Le nombre des membres de l’EFRAG sera par ailleurs largement augmenté, de façon à tenir compte du fait qu’en matière de normes non financières, il y a beaucoup plus de parties prenantes que dans les normes purement financières. Seront notamment représentés la société civile, les organisations non gouvernementales et les syndicats.

Pour mettre en œuvre ce deuxième pilier, il faut que je refasse les textes fondateurs de l’EFRAG et qu’ensuite je les soumette à l’Assemblée générale des membres de l’EFRAG. En termes de calendrier, j’espère arriver à préparer les divers textes pour le 31 décembre. Ces textes seront adoptés sous la condition suspensive du feu vert final de la Commission.

Pendant cette période intermédiaire, on envisage qu’il y ait une espèce de ‘shadow’ EFRAG, qui commence à préparer le travail d’élaboration des normes, qui seront véritablement adoptées par l’EFRAG une fois que le nouveau dispositif d’organisation sera mis en place, de manière à ce qu’il ne nous soit pas reproché de ne pas avoir suivi une procédure formelle correcte.

Avec la création de ce deuxième pilier, l’EFRAG aura besoin de plus de ressources. Quelles sont vos estimations à ce stade ?

Jean-Paul Gauzès – C’est le sujet délicat. Il faut des moyens si on veut faire un travail concret et efficace. Or, actuellement, on est au stade où les moyens sont encore limités et où aucune décision véritable n’a été prise en ce qui concerne l’alimentation budgétaire de la nouvelle partie de l’EFRAG.

J’ai estimé dans mon rapport que le lancement immédiat justifiait au moins 3 millions d’euros de dépenses de personnel supplémentaire pour l’année qui vient. Si vous regardez les moyens qui existent dans d’autres initiatives internationales, on est à beaucoup plus de 3 millions d’euros pour le fonctionnement.

Le financement devrait venir en partie des partenaires privés, mais pour une part dominante, à mon sens, de la partie publique, c’est-à-dire de la Commission européenne et des États membres, mais ces choses-là ne sont pas, aujourd’hui, définitivement organisées.

Nous essayons actuellement de recruter des personnes à temps partiel, à durée déterminée, pour constituer la première base de secrétariat de ce nouveau pilier.

Patrick de Cambourg - Pour la phase qui s’amorce, les bonnes volontés peuvent venir frapper à la porte de l’EFRAG, à condition évidemment qu’elles respectent les règles du jeu de l’EFRAG, à savoir pas de lobby, simplement des gens désireux de faire progresser l’intérêt général dans ce domaine.
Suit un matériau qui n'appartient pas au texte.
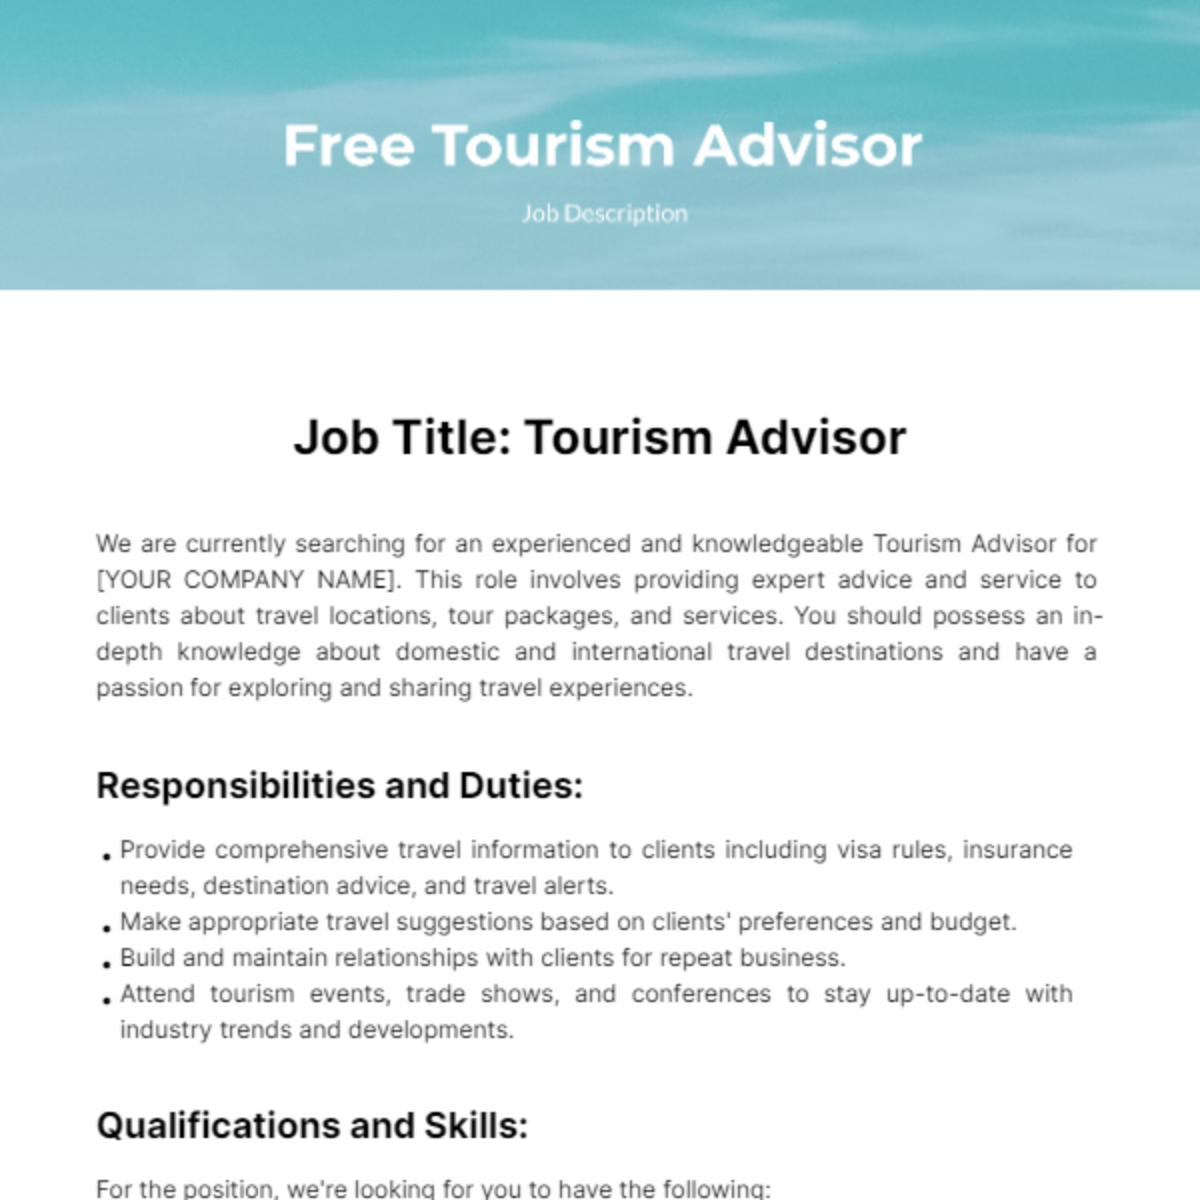 Free Tourism Advisor Job Description Template

Pourquoi est-ce une bonne chose, selon vous, que l’Europe avance de son côté sur les normes d’information non financière ?
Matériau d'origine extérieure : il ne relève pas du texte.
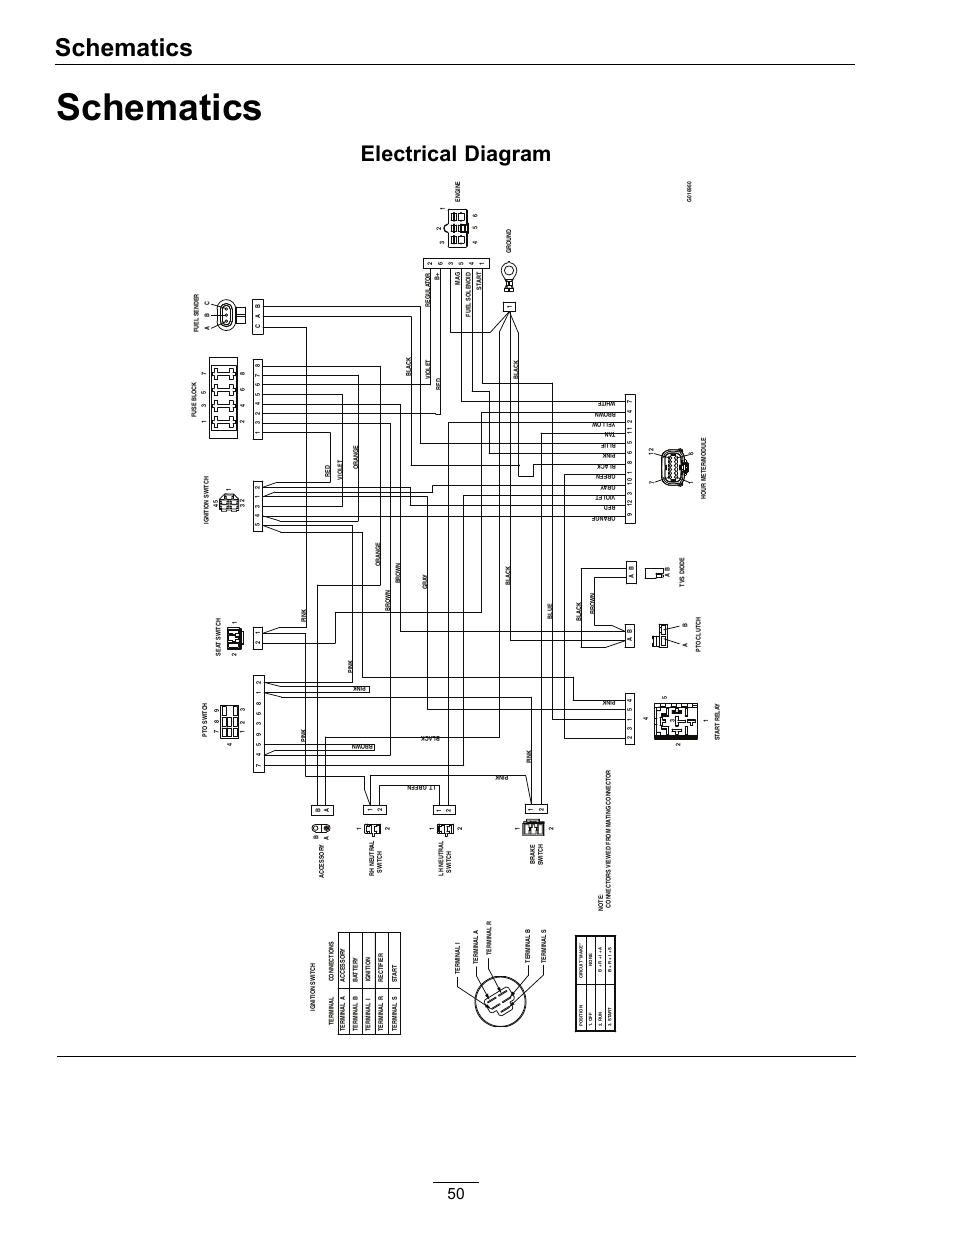 kz750 wiring diagram

Jean-Paul Gauzès – L’avantage majeur de l’initiative européenne par rapport aux autres initiatives existantes, c’est qu’elle est portée par des institutions politiques et qu'elle institue un dispositif obligatoire et normé, donc comparable, et je crois que cela donne une possibilité d’agir qui est bien plus forte.

Patrick de Cambourg – La conclusion des deux premières parties de notre rapport est qu’il y a une combinaison d’éléments qui font de l’Union européenne une zone particulière.

Un exemple : la double matérialité. En Europe, nous sommes intéressés par les risques que les entreprises ont du fait des questions environnementales ou sociales. Mais il existe une autre dimension, à savoir les risques que l’entreprise fait peser sur l’environnement ou sur la société. Cette double matérialité est un élément absolument fondamental du modèle économique européen.

La plupart des initiatives internationales, elles, insistent sur la première dimension et pas sur la seconde. Par exemple, la Fondation International Financial Reporting Standard (IFRS) dit : je vais m’intéresser d’abord au climat et pour le climat, je vais m’intéresser d’abord aux dimensions financières des risques pour l’entreprise.

L’Europe va bien au-delà de la dimension financière du risque climatique. Par ailleurs, le climat ne représente que l’un des sujets que l’Europe a l’ambition de couvrir - et de le faire assez vite.

Nous avons indiqué dans notre rapport - et cela se trouve aussi dans le projet de texte de la Commission – que nous ne réinventerions pas la roue et que nous prendrions ce qui est disponible au plan international et que, d’autre part, nous y contribuerions de façon très proactive.

Nous n’avons donc pas de problème à aider le progrès international, mais le progrès en Europe n’est pas subordonné au progrès international.